#### Provided material:
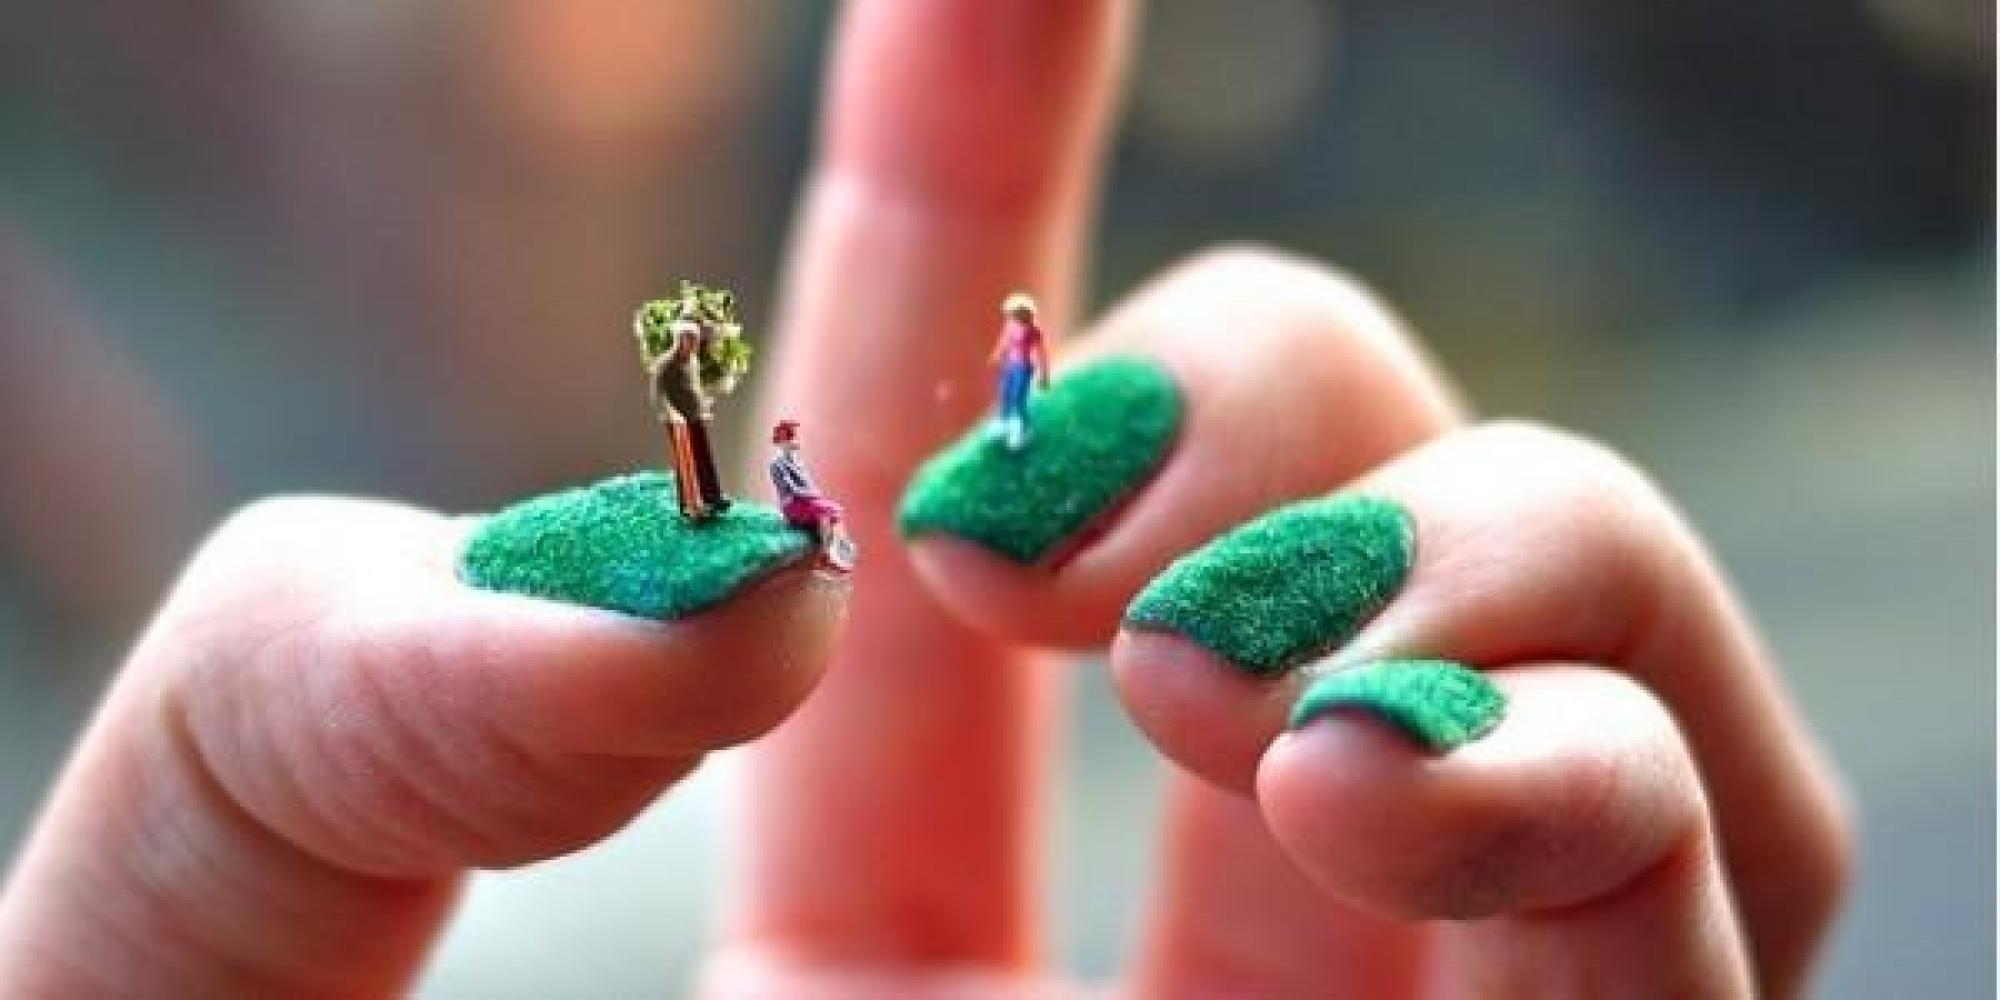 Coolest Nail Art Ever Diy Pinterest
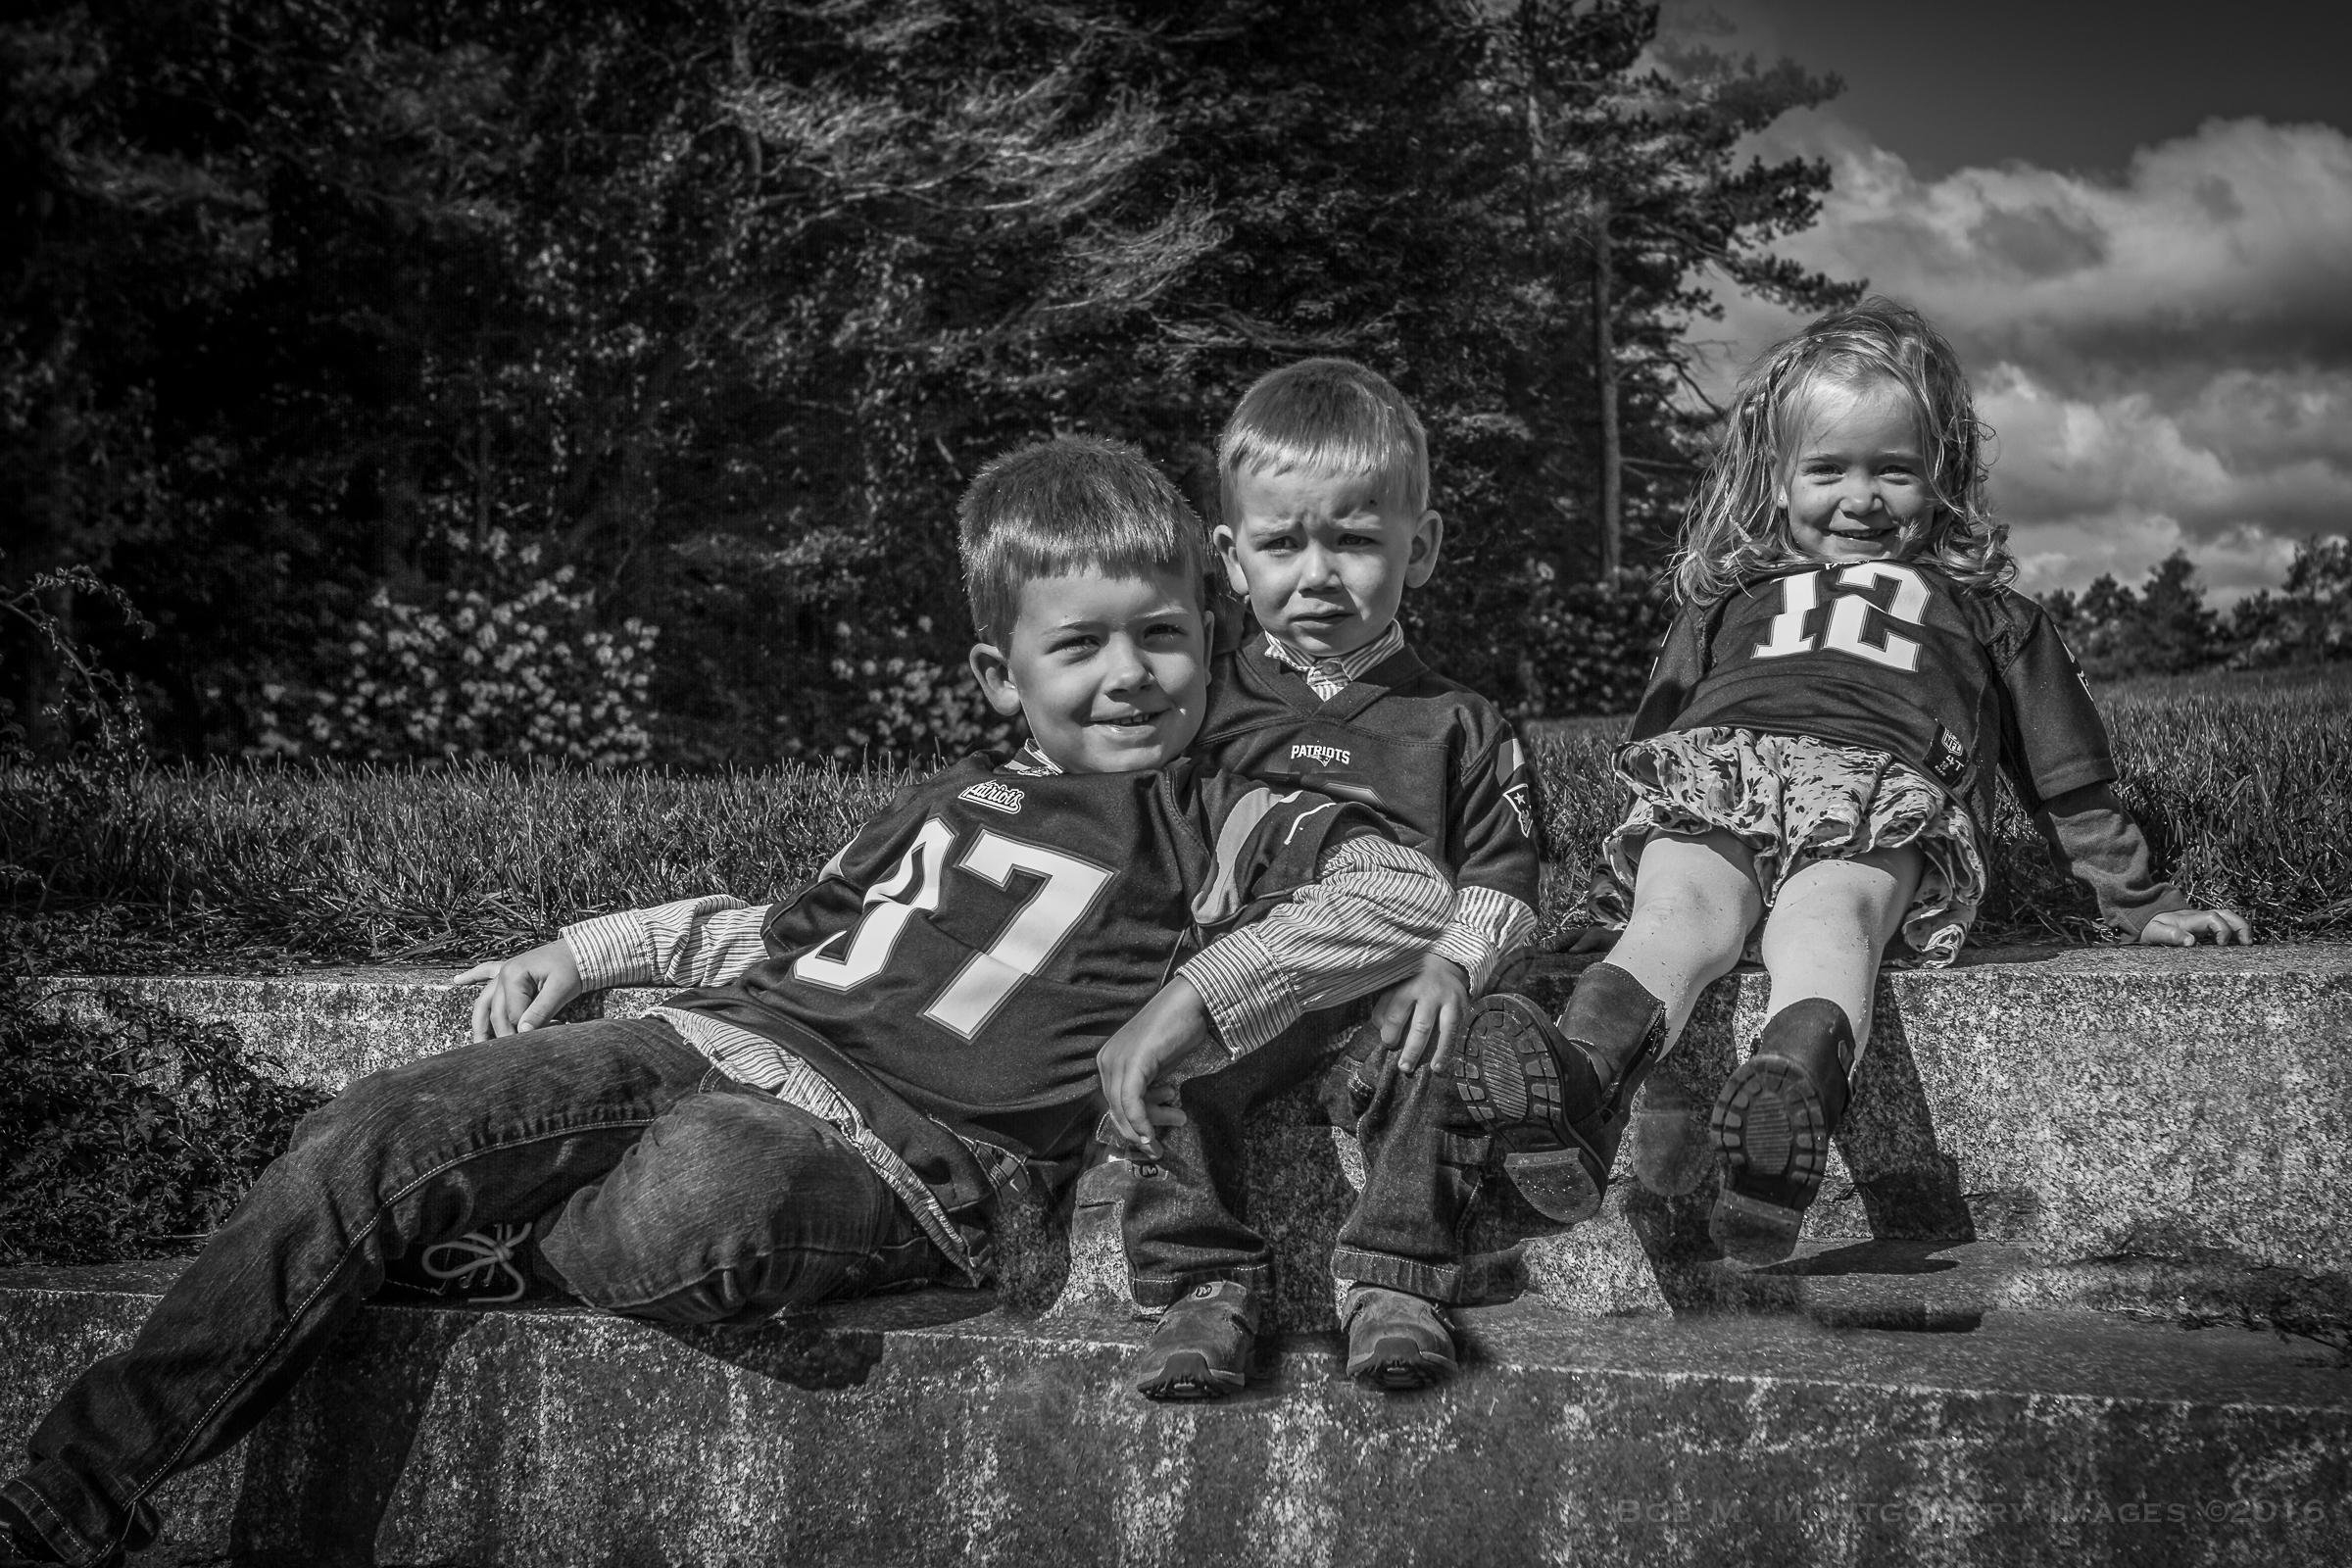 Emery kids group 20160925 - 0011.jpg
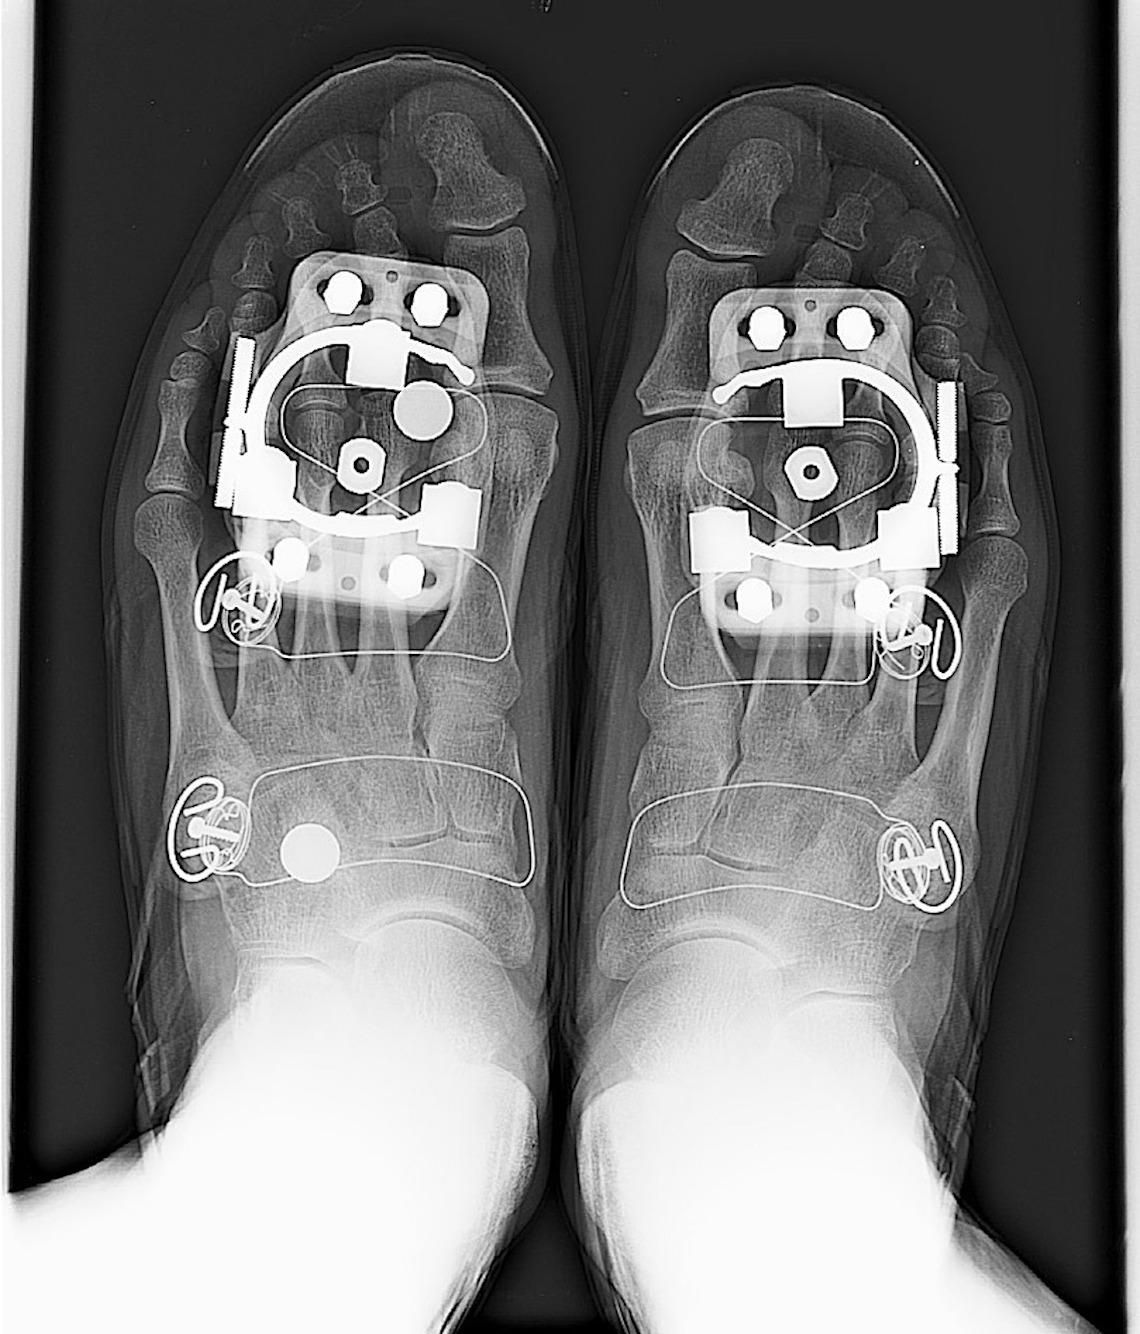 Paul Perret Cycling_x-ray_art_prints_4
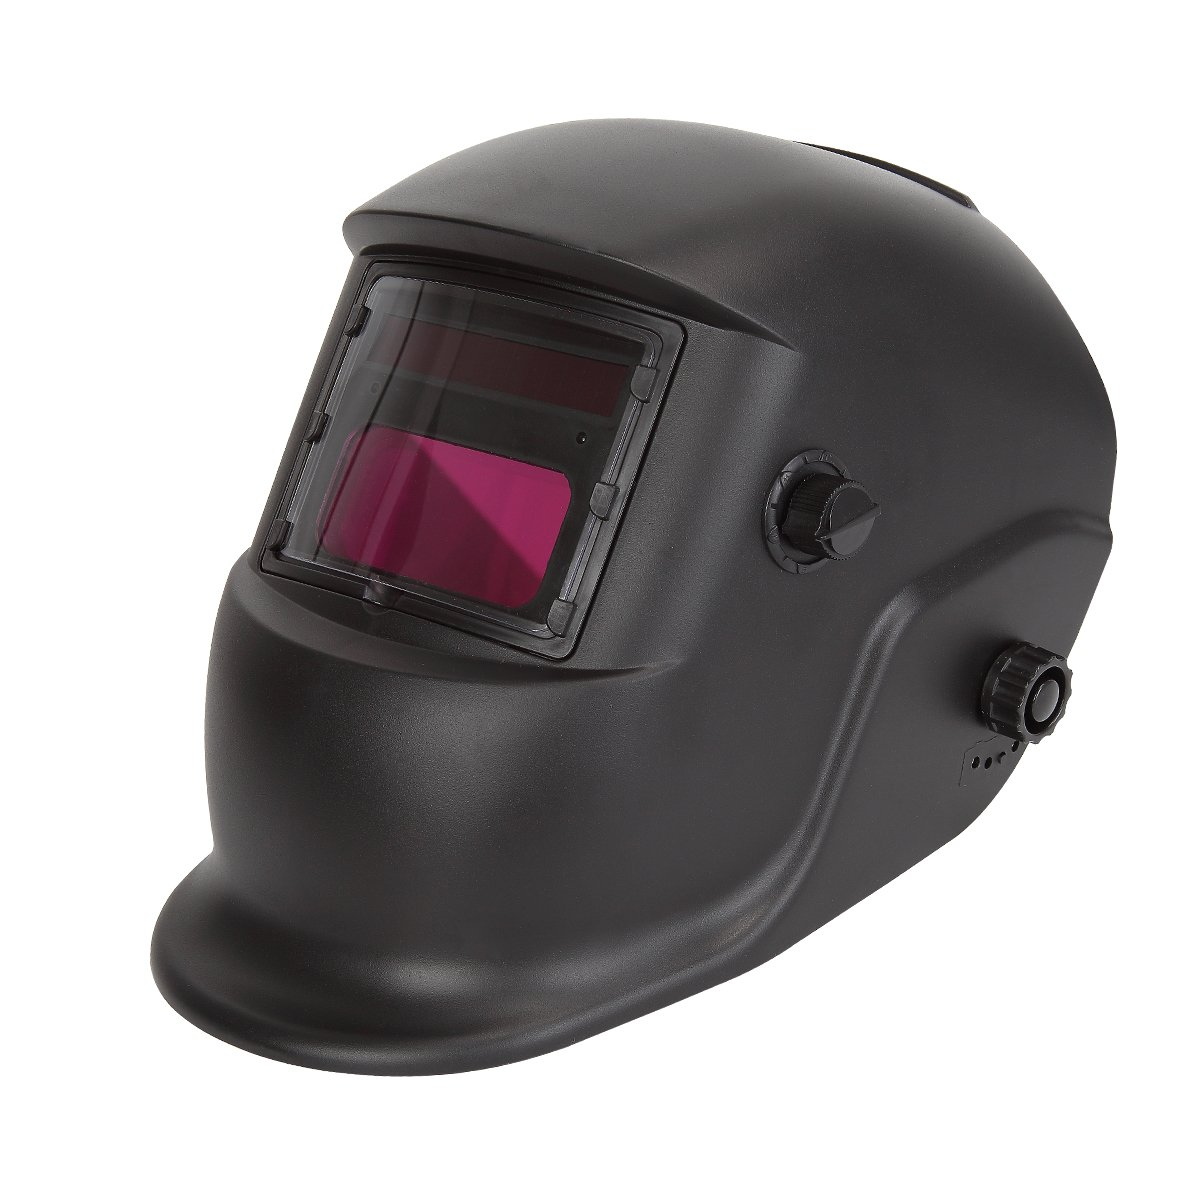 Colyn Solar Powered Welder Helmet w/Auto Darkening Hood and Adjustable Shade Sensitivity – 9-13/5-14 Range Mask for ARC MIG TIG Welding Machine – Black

#### Task requirements:
Write out all of the data above exactly, without any of its pictures.

#### Solution to the exercise:
 Coolest Nail Art Ever Diy Pinterest
 Emery kids group 20160925 - 0011.jpg
 Paul Perret Cycling_x-ray_art_prints_4
 Colyn Solar Powered Welder Helmet w/Auto Darkening Hood and Adjustable Shade Sensitivity – 9-13/5-14 Range Mask for ARC MIG TIG Welding Machine – Black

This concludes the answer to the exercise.